The main limitation to this approach will be its dependence on human curators. To understand where gene nomenclature could move next, consider another example from the Internet and the very different organizational approaches initially taken by the search engines Google and Yahoo. Yahoo originally was a manually curated directory, a DAGlike structure devised and revised by human hands. Web users submitted sites and curators slotted them into various categories. This approach made sense initially, when the number of new Web sites to add daily was small. But it was quickly challenged by the scalable, automated strategy of Google, which harvested keywords from each Web page and computed relationships between them based on their pattern of links. The very early Yahoo approach is similar in a sense to classifying genes with GO, dependent on meticulous study of each new specimen by careful human curators. But a large volume of new objects can completely paralyze even the most dedicated team. Precisely this problem is occurring in biology today.

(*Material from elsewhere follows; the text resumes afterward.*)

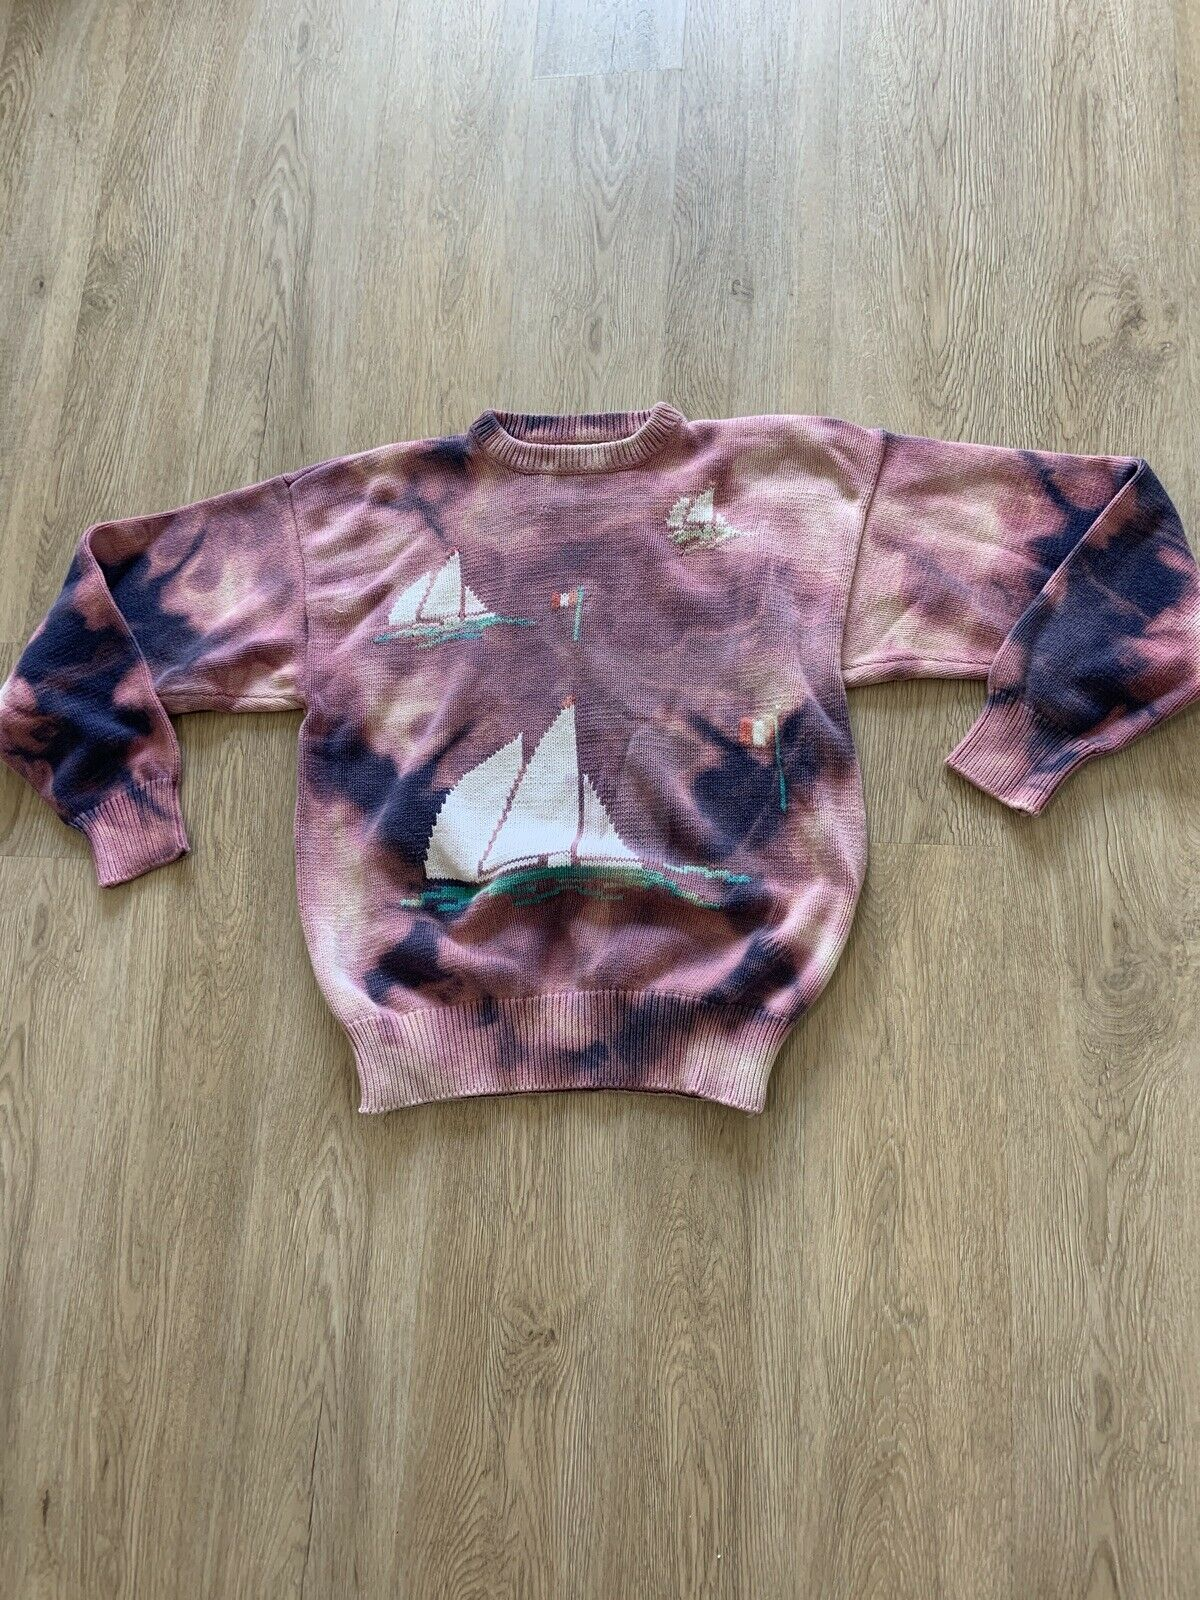 Tiedye Tie Dye Sweater VINTAGE - image 2

It may be that an information-handling strategy that blossomed on the World Wide Web can help scientists solve this problem. What if molecular biologists abandoned manual classification of the massive amounts of genomics data pouring their way and gave up asking where a novel or confusing entity should fit on a chart? Instead, as results arrive, measures of similarity could be computed automatically, generating a Google-style collection of interlinked, interwoven information. With this approach, we would lose the comforting anchor of quaintly named genes and reassuring images of hierarchical classification. But we would gain, perhaps, a more useful and robust understanding of the myriad ways biological entities can be similar and can interact.

Of course, significant scientific labors await anyone pursuing this approach. Biologists will have to choose which standardized attributes are important enough to explore in any given highthrough put experiment. They must decide how best to cluster genes and their products to illuminate the truly important connections. Such challenges—opportunities really—are among the fruits genomics brings to biology.